A group of foreign policy establishment Republicans appear to be wavering on President Obama's unnecessary and wrongheaded new START treaty with Moscow. Some, like Colin Powell and Condi Rice, are voicing outright support for it, while others, like McCain and Voinovich are creeping closer. Even the skeptical Jon Kyl has begun a serious rhetorical climb-down -- now apparently linking Senate action on the expiring tax cuts to saving the treaty. If you don't have time to read John Bolton's thorough, eight-point case against the agreement (yes, I've linked it about half a dozen times because it's that good), the Center for Security Policy has produced a condensed -- and helpfully interactive -- video primer on new START, focusing primarily on whom the treaty benefits. Hint: it's not us.
The entire five-nation briefing takes less than 15 minutes to watch, so I highly recommend it. Meanwhile, five former Republican Secretaries of State have signed an Op/Ed in today's Washington Post hailing the treaty as a "modest and appropriate" measure, and urging the Senate to ratify it, although they hedge on the timing:
We do not make a recommendation about the exact timing of a Senate ratification vote. That is a matter for the administration and Senate leaders. The most important thing is to have bipartisan support for the treaty, as previous nuclear arms treaties did.
Although each of us had initial questions about New START, administration officials have provided reasonable answers. We believe there are compelling reasons Republicans should support ratification.
The authors argue that new START will not limit our missile defense capabilities, or slow the advancement thereof:
[The treaty] preserves our ability to deploy effective missile defenses. The testimonies of our military commanders and civilian leaders make clear that the treaty does not limit U.S. missile defense plans.
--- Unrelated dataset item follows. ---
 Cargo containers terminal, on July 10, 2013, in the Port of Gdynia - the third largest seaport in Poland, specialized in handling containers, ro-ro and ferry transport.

That's fine analysis based on the American reading of new START, but Moscow -- also known as the other signatory to the treaty -- disagrees.
Russia will have the right to exit the accord if “the U.S.’s build-up of its missile defense strategic potential in numbers and quality begins to considerably affect the efficiency of Russian strategic nuclear forces,” Lavrov told reporters in Moscow today.
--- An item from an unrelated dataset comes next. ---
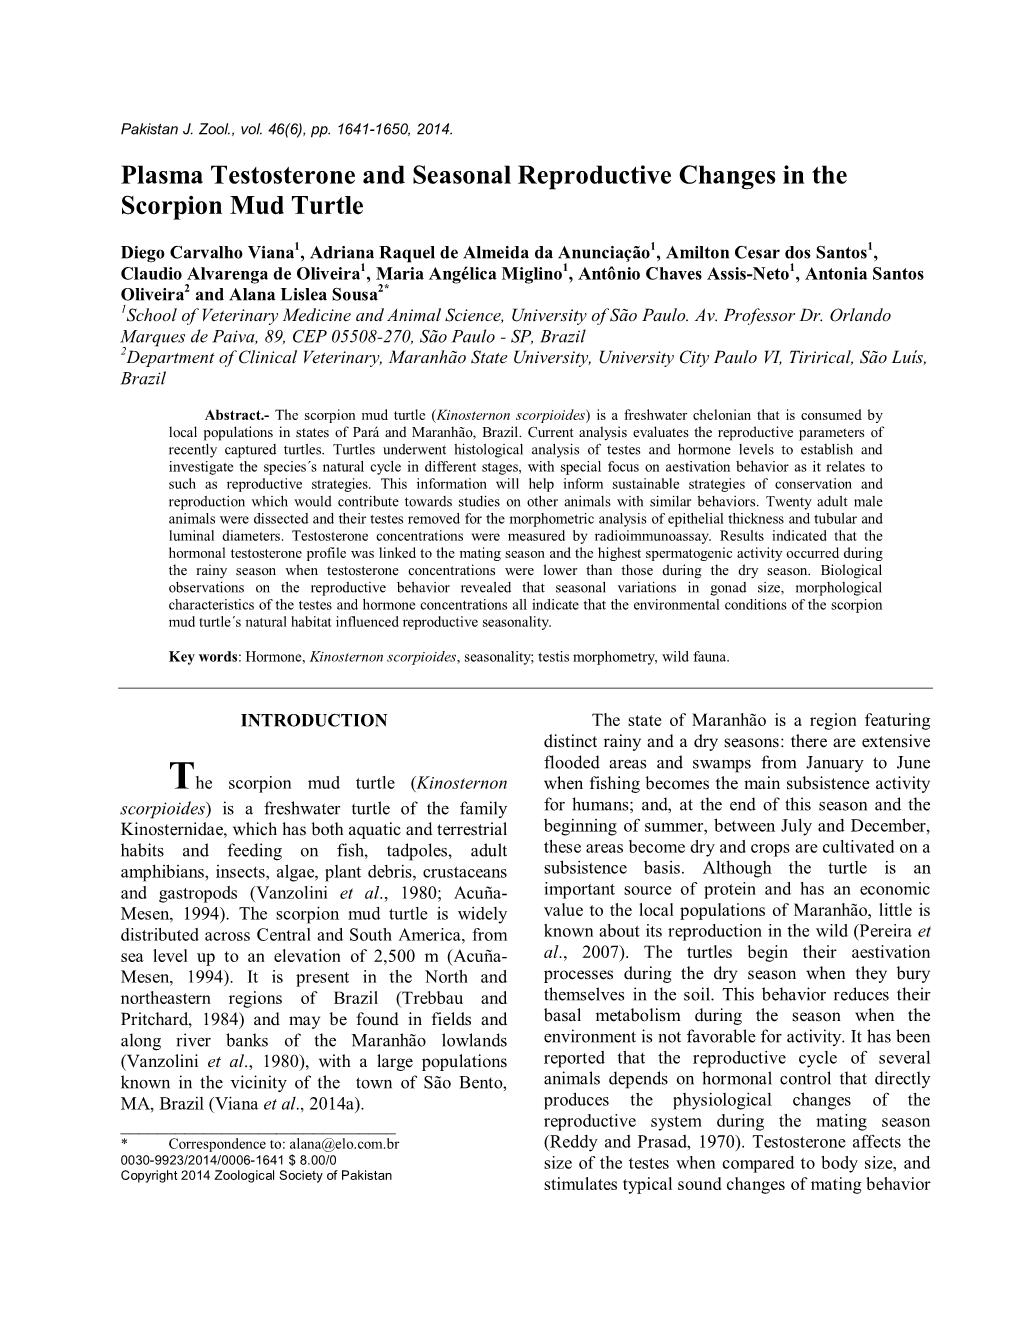 Plasma Testosterone and Seasonal Reproductive Changes in the Scorpion Mud Turtle

In other words, the two nations signing the accord have divergent interpretations of one of its key points. That's a problem. So is this: As we reported earlier this week, the Obama administration has been caught lying to Congress about secret missile defense negotiations with Russia. It seems logical that responsible senators would want to get to the bottom of that "miscommunication" before signing off on any related international treaty. Toss in this nasty little maneuver by Moscow, and it becomes fairly clear that rushing to prematurely ratify this disarmament agreement, with this particular "ally," would be foolish. This process can wait for the next Congress.
UPDATE: Heritage's James Carafano assembles his own "just say no" top ten list.